How Yoga Saved My Faith
This is the first in a series of introductory posts by our new team of writers, a multidenominational group of fellow Christians and yoga teachers. In these posts, each writer is asked to answer “Why Christian? Why yoga?” Deeply moved and inspired by the late Rachel Held Evans and her ideas on the Power of Testimony, we hope to share our own stories with you. Please share your stories in the comments.
My mom dragged me to my first yoga class when I was 25 years old. I had just been diagnosed with depression, and I moved back in with my parents to figure out what was going on. Deep down, I knew that my depression was caused by my perfectionism and how I related it to God: I thought that God had asked me to be perfect—the perfect Christian, the perfect English teacher, the perfect missionary, the perfect youth pastor. I had tried all of them, and the last one made me cry every day.
So I quit my jobs, enrolled in a theology degree, and moved in with my parents.
It was, I realize now, the beginning of my deconstruction of faith. Today, over a decade later, the phrase “deconstruction of faith” has been made popular by Christian figureheads like Father Richard Rohr, the late Rachel Held Evans, Science Mike, and Lisa and Michael Gungor (the Liturgists). Deconstruction, explains Rohr, makes way for reconstruction—it’s a necessary journey of faith, of loss of ego and false self.
In 2006, when I quit church, the word “deconstruction” wasn’t popular yet. I thought I was the only one whose faith imploded.
Mom took me to a yoga class to get me out of the house, to get me moving in the middle of winter. That yoga class changed both of our lives—giving her a tool for managing her pain with rheumatoid arthritis; giving me a tool for finding my faith.
I am still a Christian today because of my yoga practice, which gave me space for grace.
For instance—in that first class, the instructor invited us into a seated forward fold. When I tried it, my hamstrings were so tight that I couldn’t touch my toes. My inner self-talk berated my body for not being perfect, for being too tight.
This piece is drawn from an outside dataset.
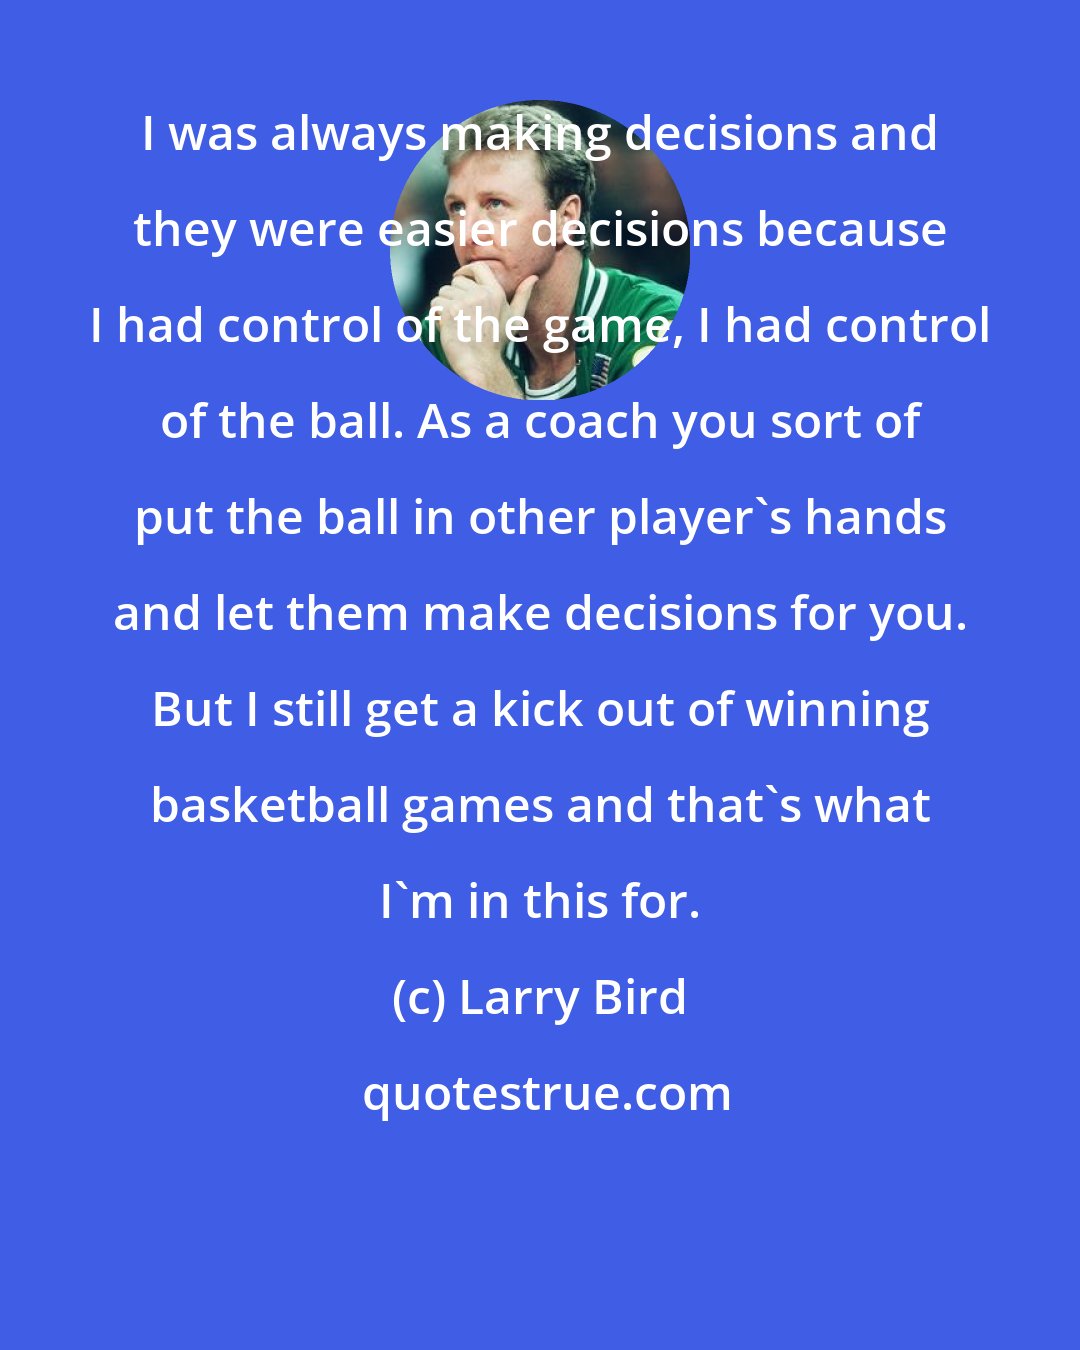 Larry Bird: I was always making decisions and they were easier decisions because I had control of the game, I had control of the ball. As a coach you sort of put the ball in other player's hands and let them make decisions for you. But I still get a kick out of winning basketball games and that's what I'm in this for.

Then the instructor invited us to respect our hamstrings, to respect our limitations, and to accept where we were at in the pose today.
I had never heard that before—to accept my limitations. I was supposed to be perfect, and I could “do all things through Christ who strengthens me.” I had never ever heard that limitations might be okay and even respected. And I knew instantly that those limitations applied to my spiritual, mental, and emotional bodies as well.
So I kept practicing yoga, kept learning about how to love and honor this body God had made. Yoga—the way it is practiced in North America, anyway—assumes that the body is good. Christianity—the way I had learned it—assumed that the body was bad, filled with temptations of the flesh that must be avoided at all costs.
I met Father Tom Ryan (the founder of this network and author of Prayer of Heart and Body), who reminds me that, of all of the religions, Christianity actually has the highest theology of the body: we believe in the resurrection of the body. We believe that God became incarnate—put on flesh and walked among us. We believe that when God created the world, God called it “good.”
My body, with all its imperfections—tight hamstrings, sensitive freckles, jammed vertebrae, postpartum belly muscles—is good.
Practicing yoga helped me to see that goodness, to trust my body and its imperfections, and invited me into stillness in my body, mind, and soul.
Fr. Tom understands yoga as a practice that prepares the body for meditation. Through his invitation, I began to link meditation with my yoga practice. Once I began to meditate, I also began studying contemplative Christianity and reconstructing my faith. Yoga led me into a more expansive expression of Christianity than I could have ever imagined.